Introduction
A few weeks on from the launch of the .zip domain extension (an example of a 'top-level domain', or TLD), and just as the .box TLD is set to launch, we consider the cybersecurity and infringement risks presented by the new registrations.
.zip is one of the most recent in a long line of new TLDs launched since the start of the new-gTLD programme in 2012[1], entering its General Availability phase (in which domain registrations are open to all) on 10-May-2023[2].
The reason for concern with this particular extension is the potential for confusion with a digital file suffix commonly used for compressed or archive data files ('zip files') and the possibility that this confusion may be exploited by bad actors to drive Internet users to their own content, distribute malware, and/or create brand infringements.
These types of abuse can be manifested in a range of different ways:
- Many platforms and e-mail clients will automatically convert certain types of string into URLs, so a legitimate filename such as document.zip could be interpreted as a URL which, when clicked, may drive users to the corresponding domain name if registered[3,4]. Similarly, if a user searches for a non-existent zip-file name, file explorer applications may instead perform an online search directing the user to a corresponding .zip domain name.

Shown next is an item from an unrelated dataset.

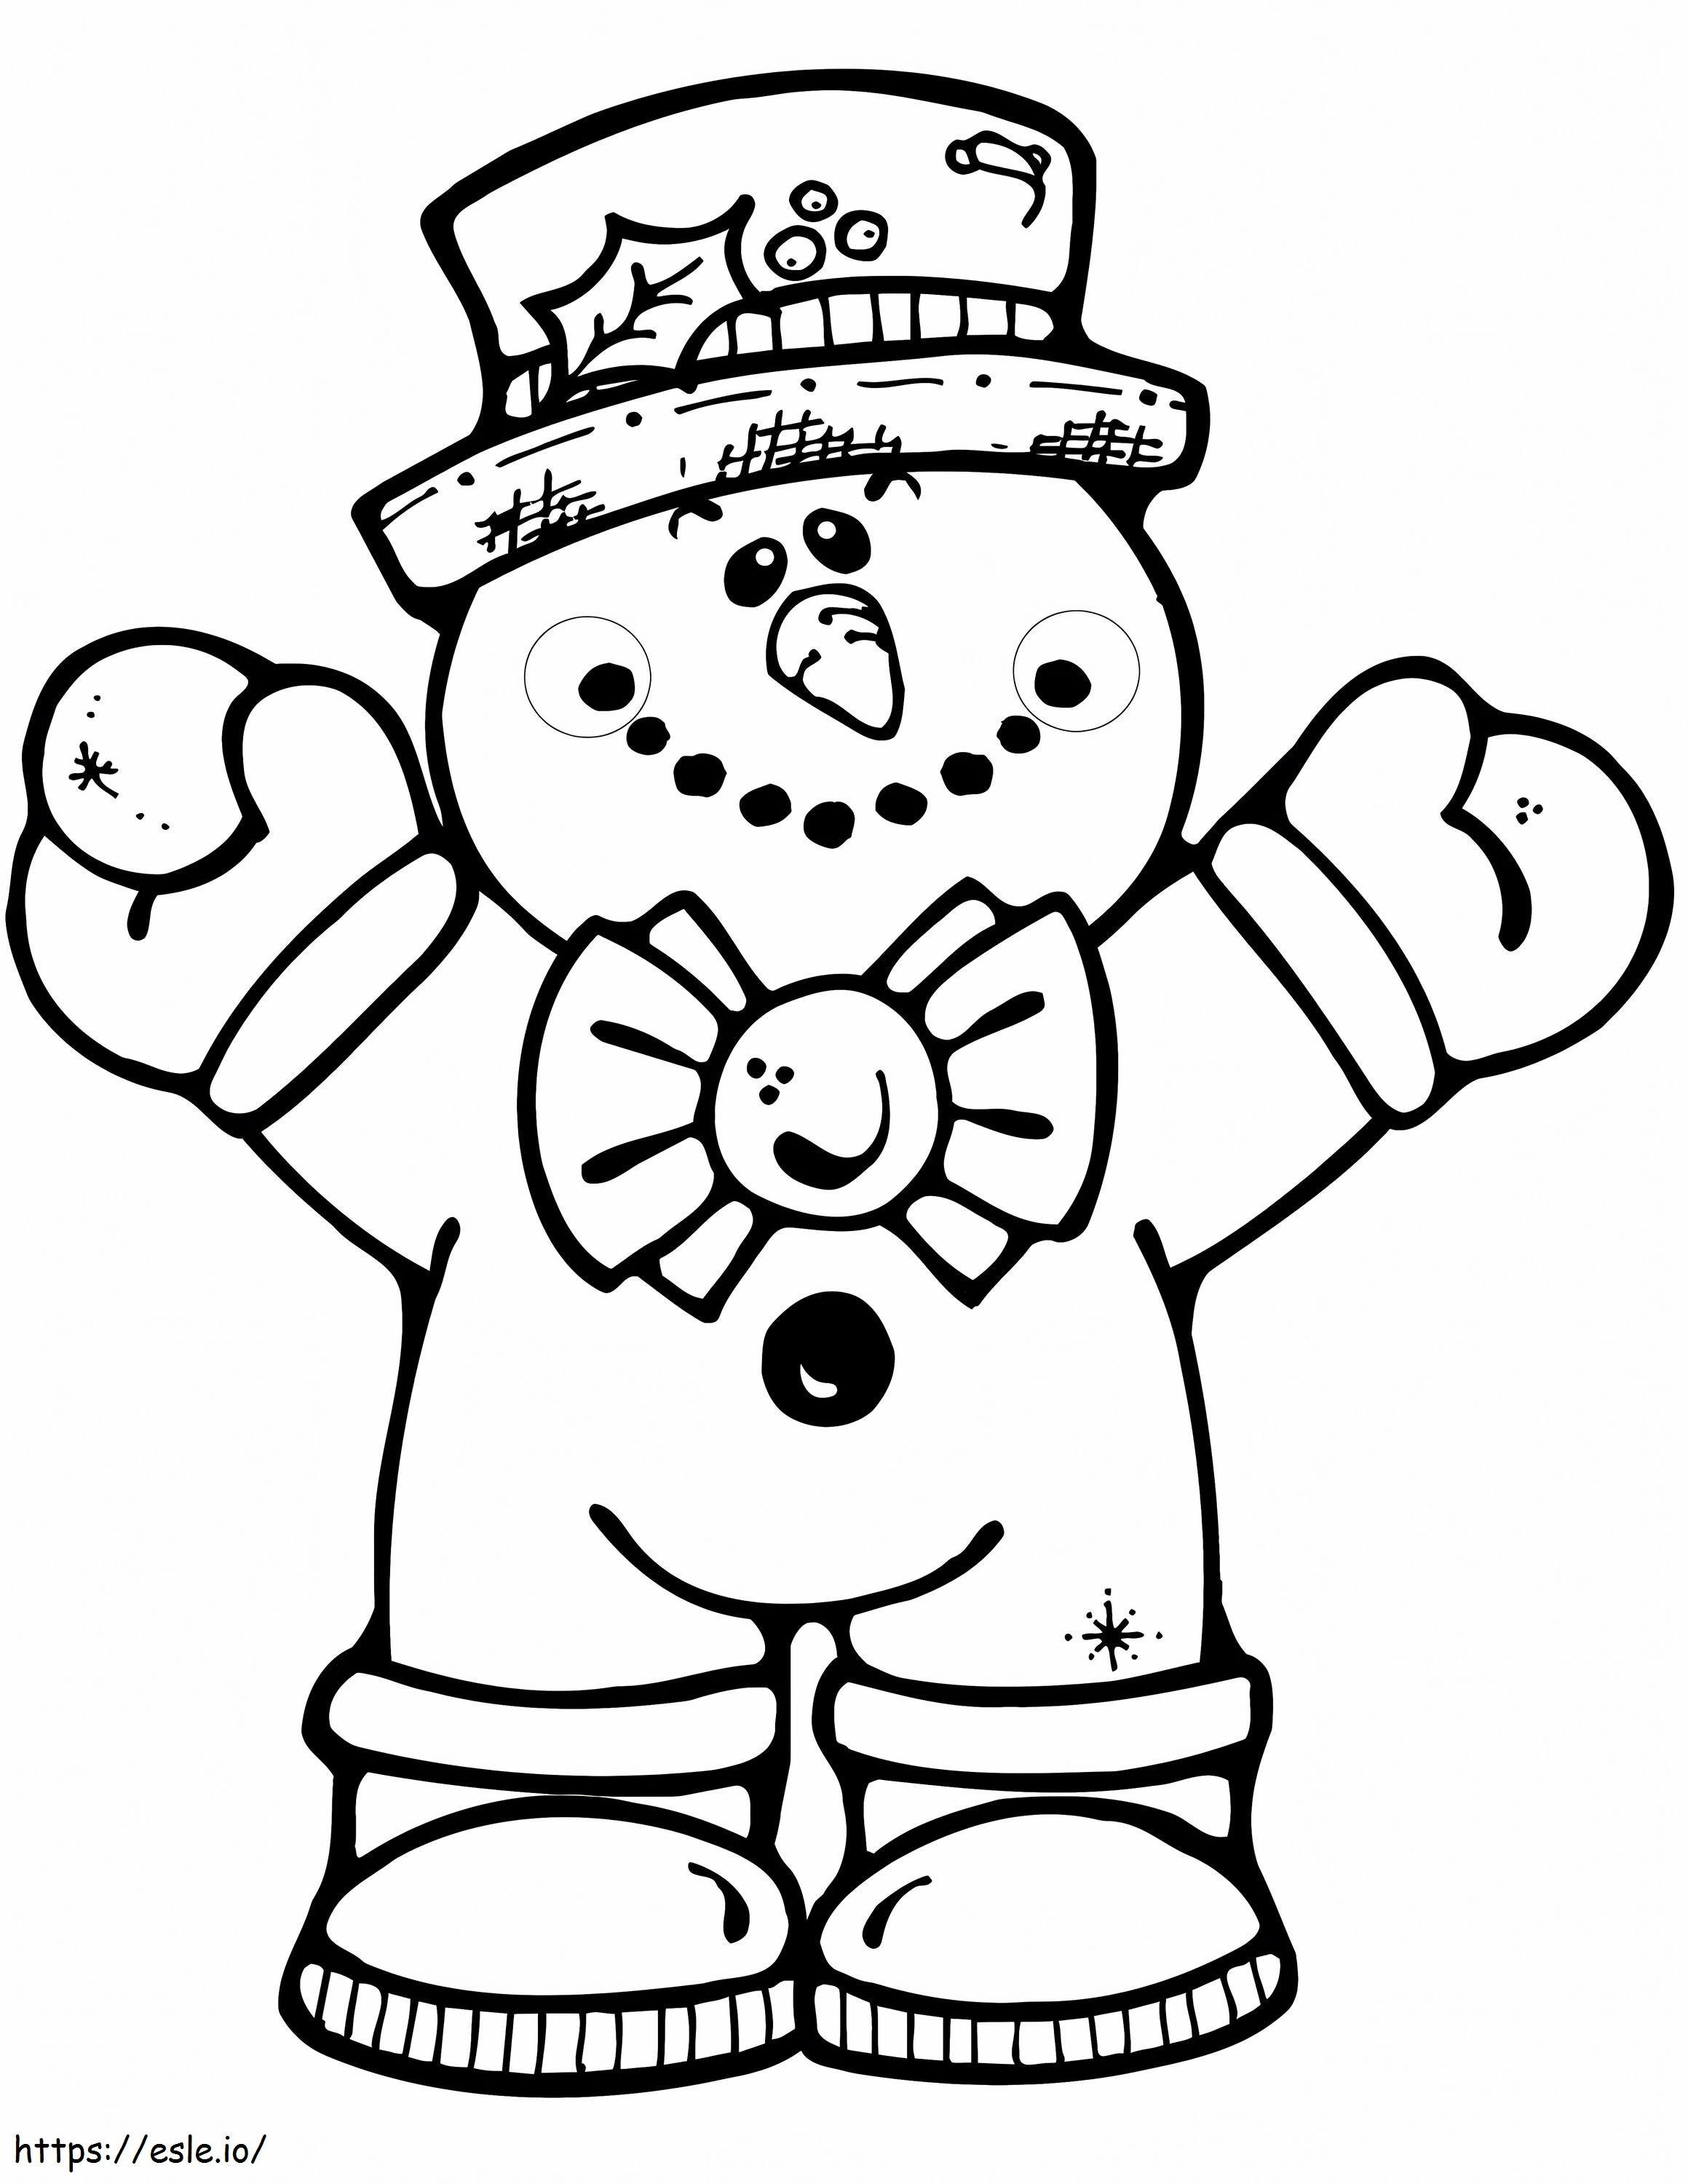 Hugging Snowman coloring page

- The DNS queries associated with a link-click can provide information to the site owner on the name of the file being requested, which could correspondingly result in a leakage of sensitive information[5]. This may be particularly effective if the second-level name ('SLD') of the registered domain (i.e. the part of the domain name before the dot) is a file extension (such as .doc) in its own right - e.g. a domain such as doc.zip might allow the site owner to see that a file such as sensitivedocumentname.doc.zip has been requested.
- The TLD presents the possibility for a link to a potentially malicious .zip domain to easily be disguised as a link to a zip file on a trusted website[6], or as content embedded in a malicious e-mail.
- Domains hosted on the .zip TLD may be more likely to be trusted by users based on their familiarity with regular zip files.
- Conversely, as the .zip extension becomes more well-known, users may unknowingly download a zip file - which can contain arbitrary content of unknown legitimacy - thinking that they are simply clicking on a link to a regular website[7].
Domains on the .zip extension are being offered by Google Domains[8], together with a number of others - including .mov, which launched on the same day, and is subject to similar security concerns due to the possibility of confusion with the video-file format suffix. Despite the claim that the domain extension is intended to represent content from providers who are "fast, efficient, and ready to move", the risks - combined with other Google offerings which are attractive to would-be attackers, such as a whois privacy service and subdomain forwarding - mean that the domains on this new TLD may warrant careful scrutiny.
In a similar vein, the .box domain extension is set to enter its Sunrise phase - where brand owners can apply for new domains, prior to General Availability - on 09-Aug-2023[9]. Whilst not a file suffix in the same way as .zip, the .box extension is also likely to be subject to abuse, in part due to the possible scope for confusion with content relating to the Dropbox hosting and file-sharing service. Other brand names incorporating the term 'box' (such as Xbox and Birchbox) may also find themselves particularly targeted by attacks, and we anticipate that this additional new TLD may also be worth closely watching once general registrations commence.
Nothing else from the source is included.